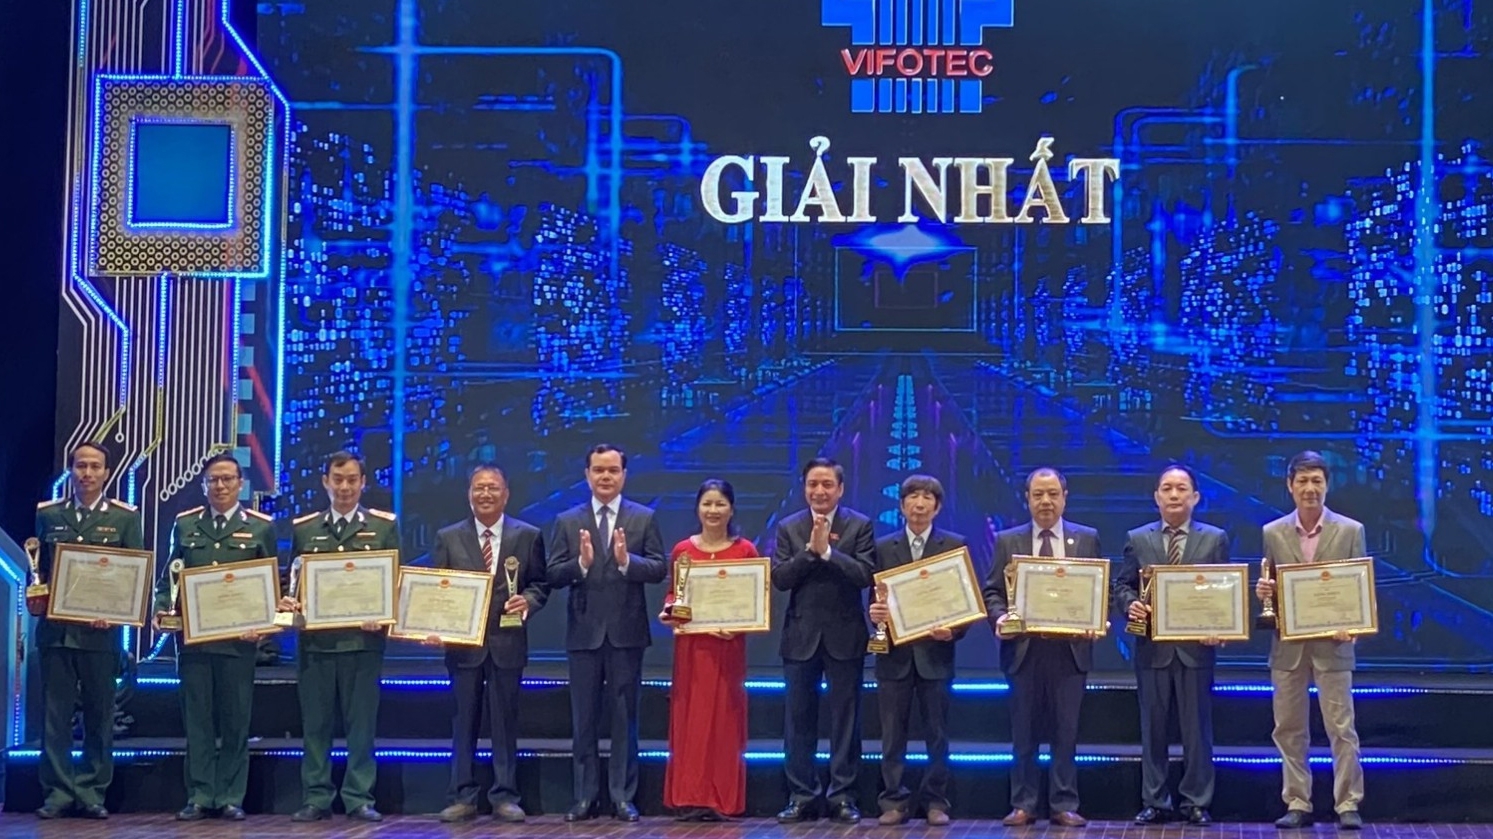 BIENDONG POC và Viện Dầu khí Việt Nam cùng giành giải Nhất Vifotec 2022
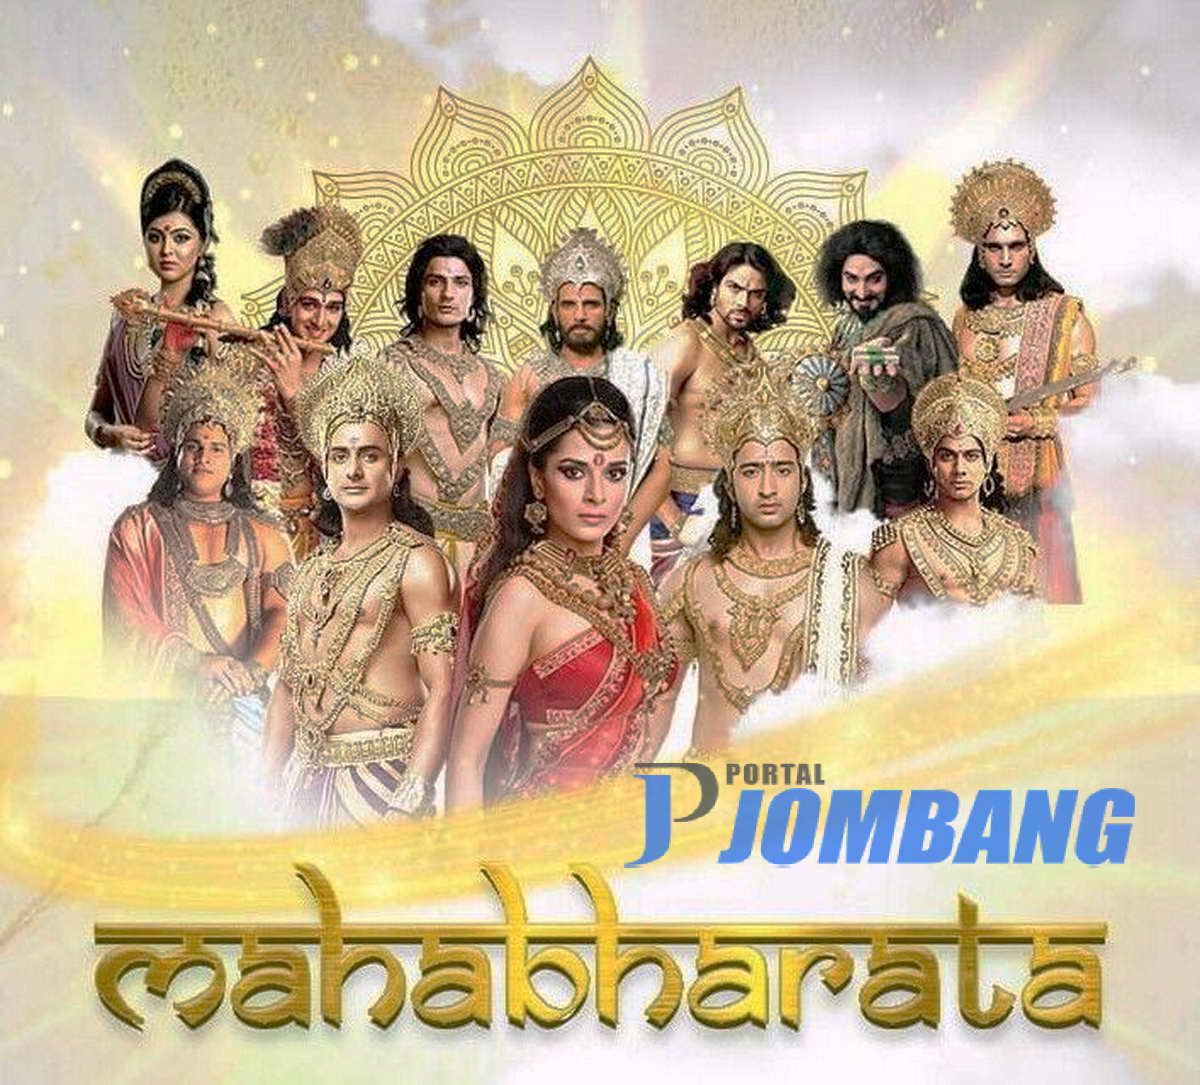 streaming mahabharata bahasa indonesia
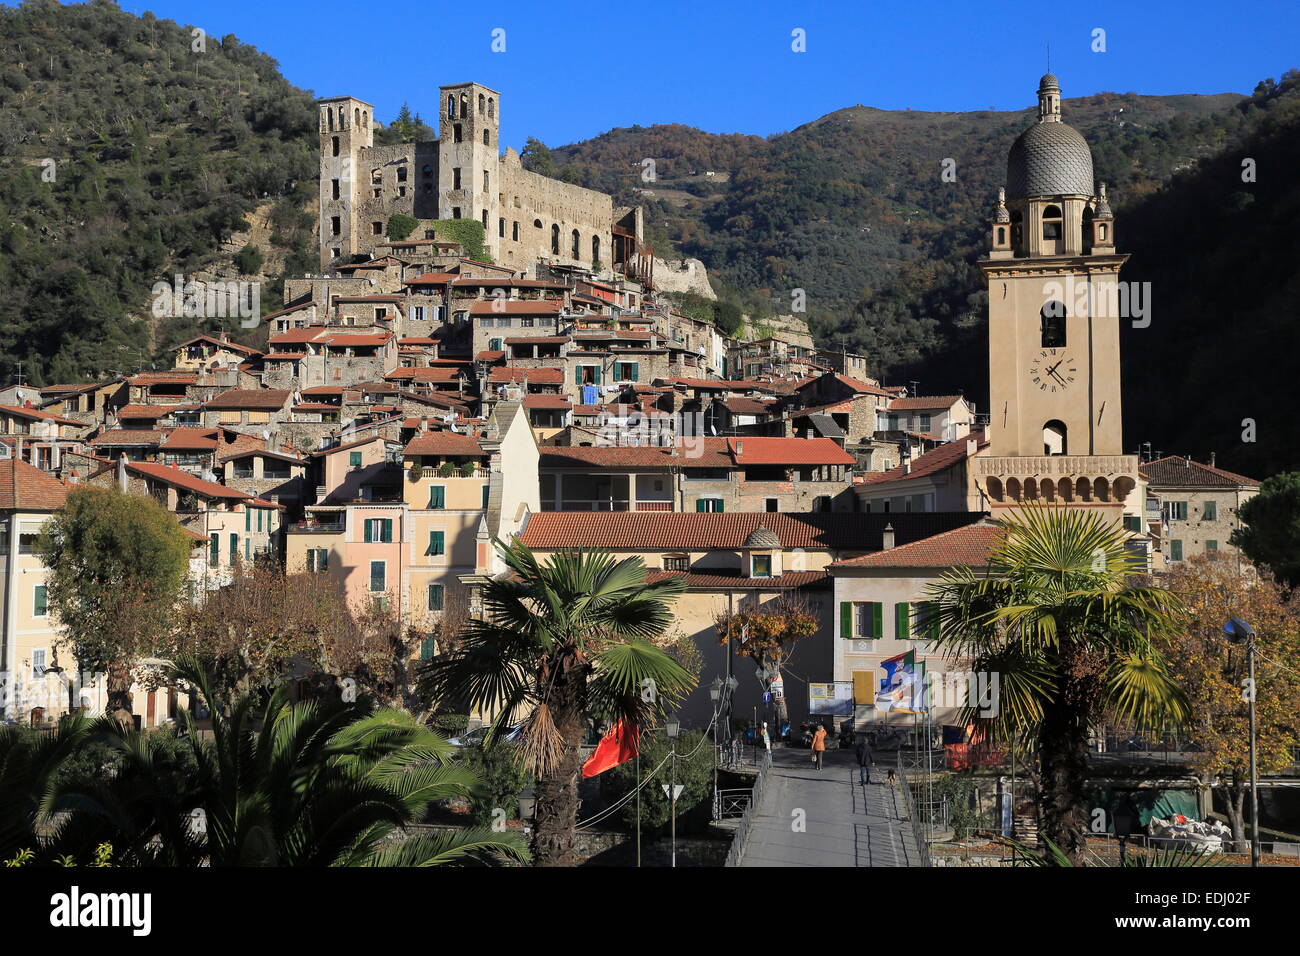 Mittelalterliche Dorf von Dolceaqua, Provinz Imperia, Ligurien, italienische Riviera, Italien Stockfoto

####

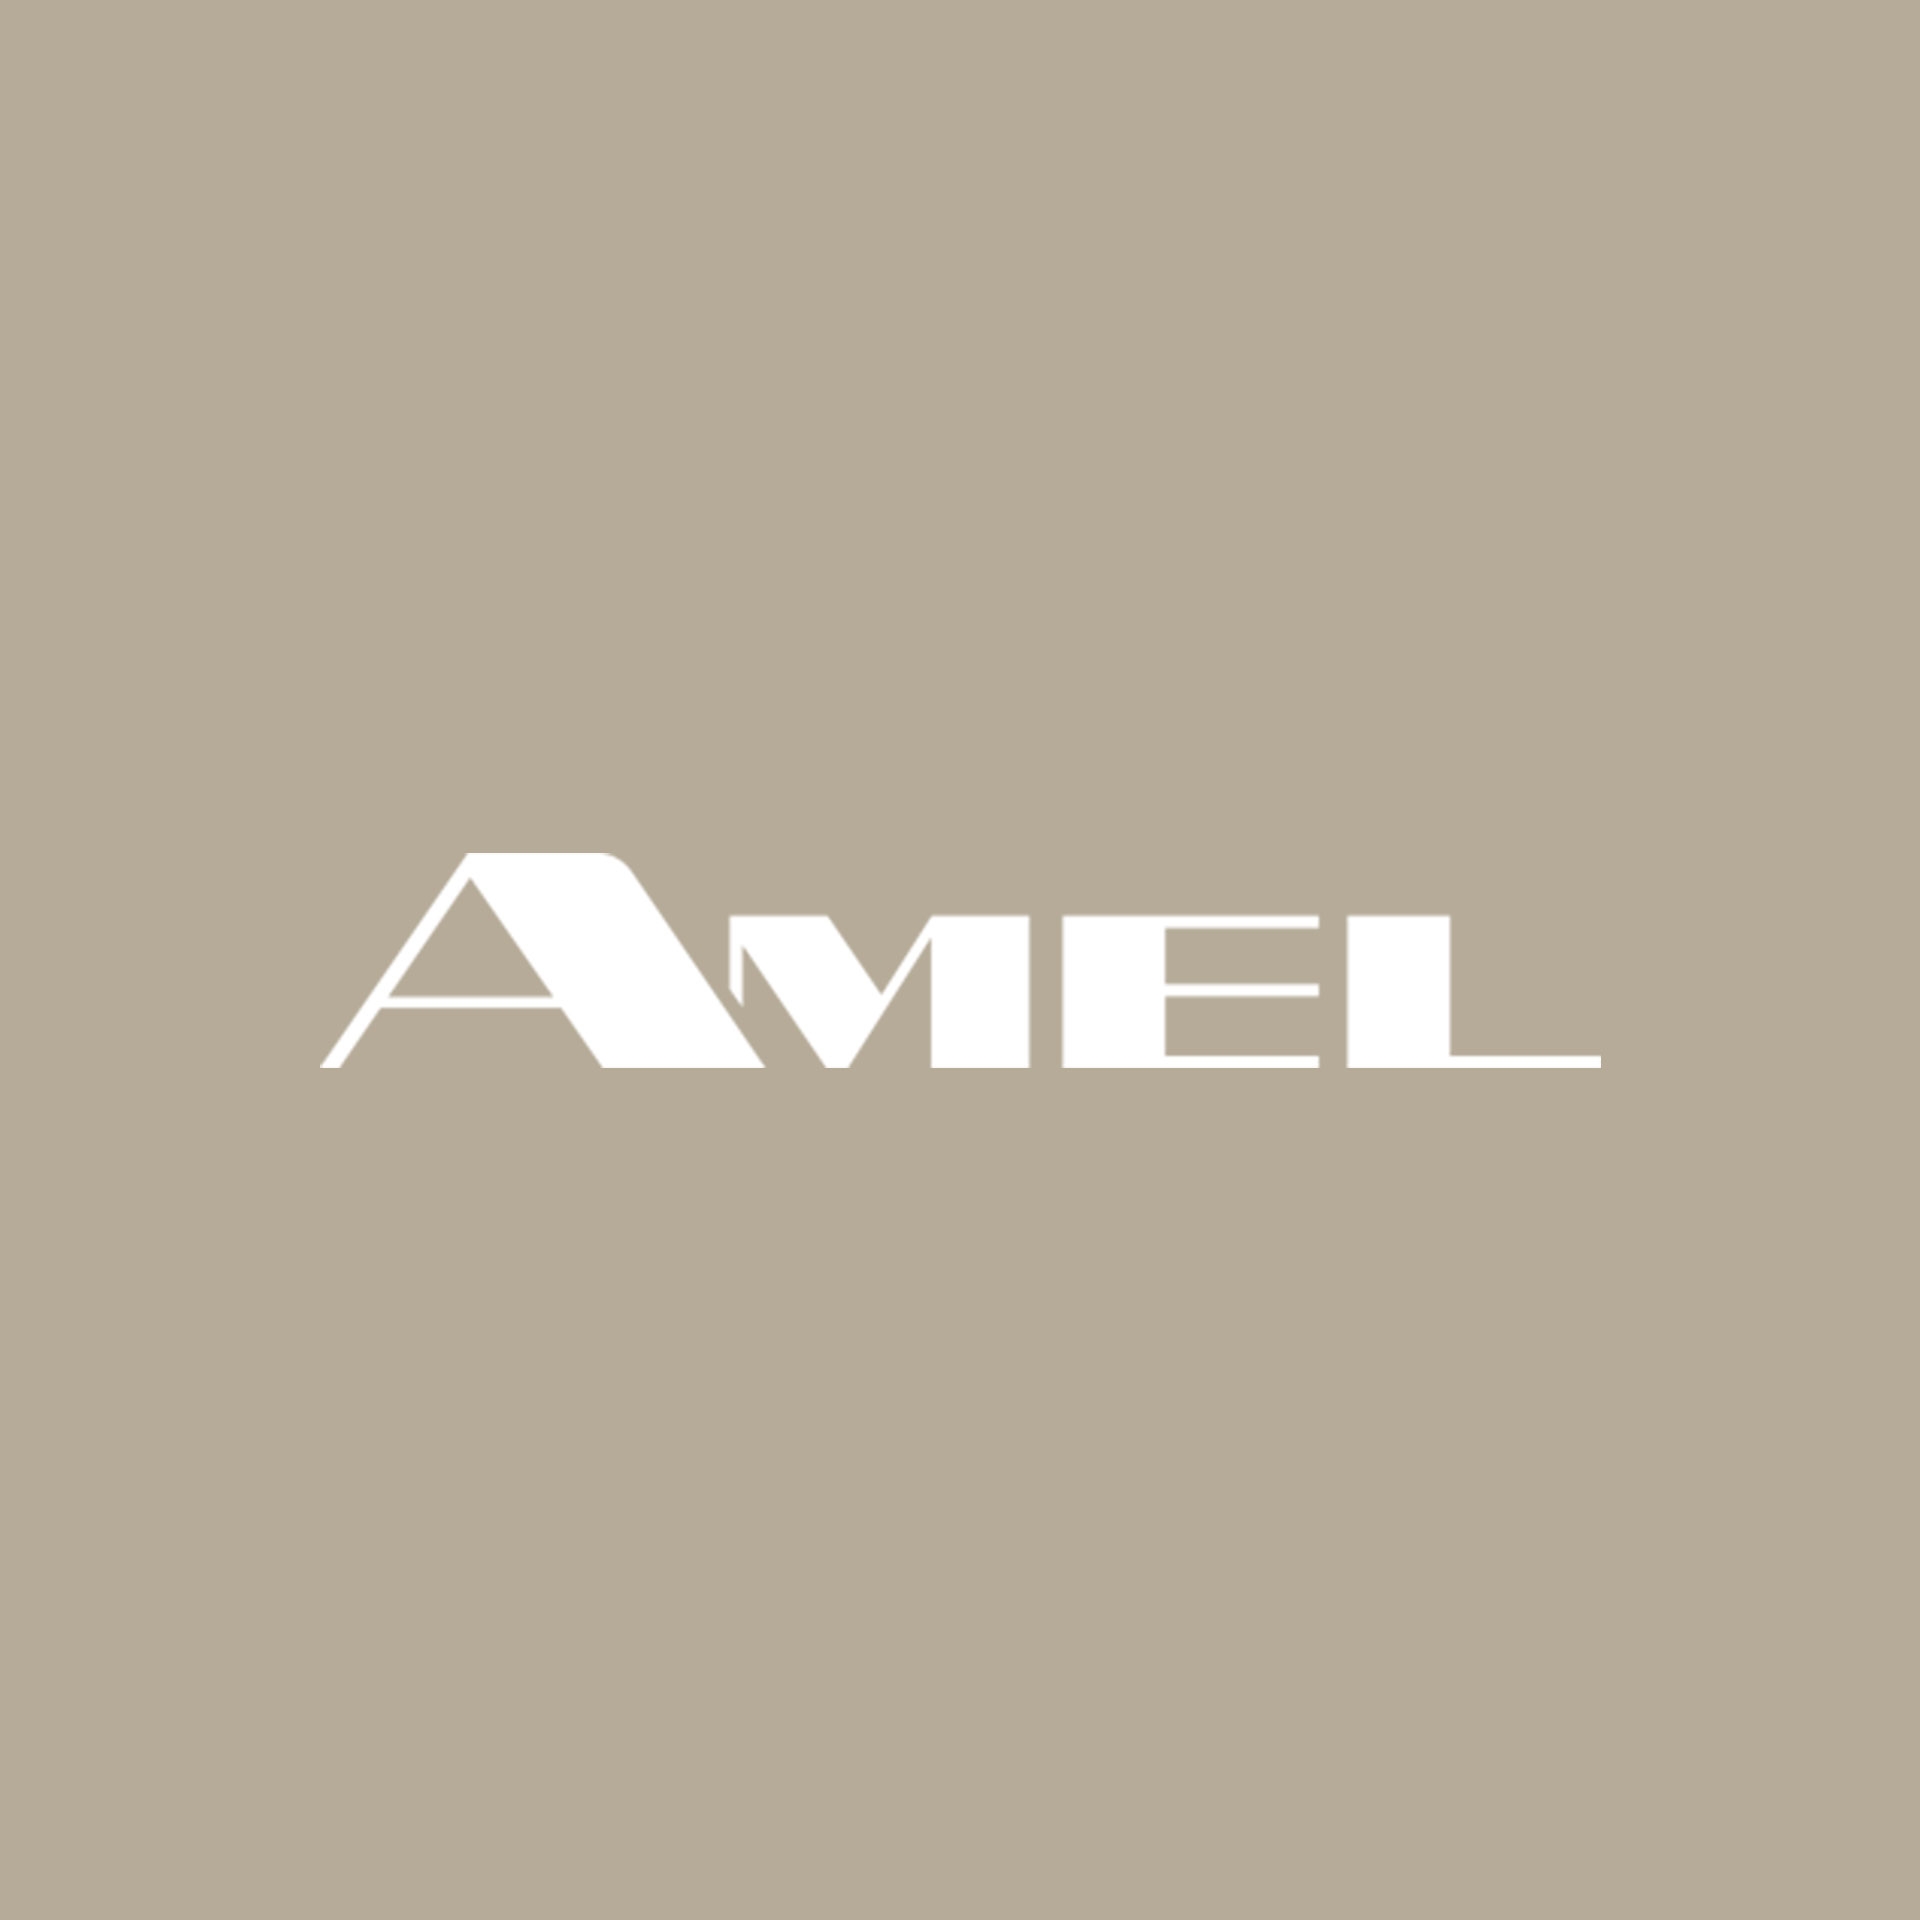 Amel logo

####

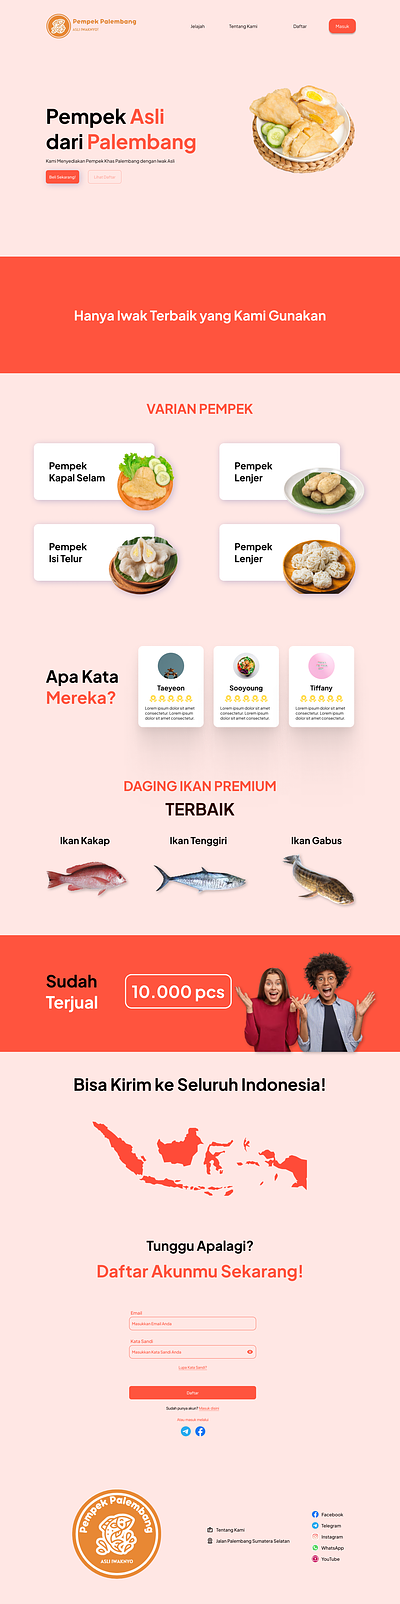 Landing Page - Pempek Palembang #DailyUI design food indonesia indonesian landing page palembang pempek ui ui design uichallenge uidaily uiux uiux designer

####

Directions for this task: Would you set down only the lines above from the line with "streaming mahabharata bahasa indonesia" to the line with "Mittelalterliche Dorf von", both included, exactly as they stand and without the pictures?

Solution for this exercise:
 streaming mahabharata bahasa indonesia
 Mittelalterliche Dorf von Dolceaqua, Provinz Imperia, Ligurien, italienische Riviera, Italien Stockfoto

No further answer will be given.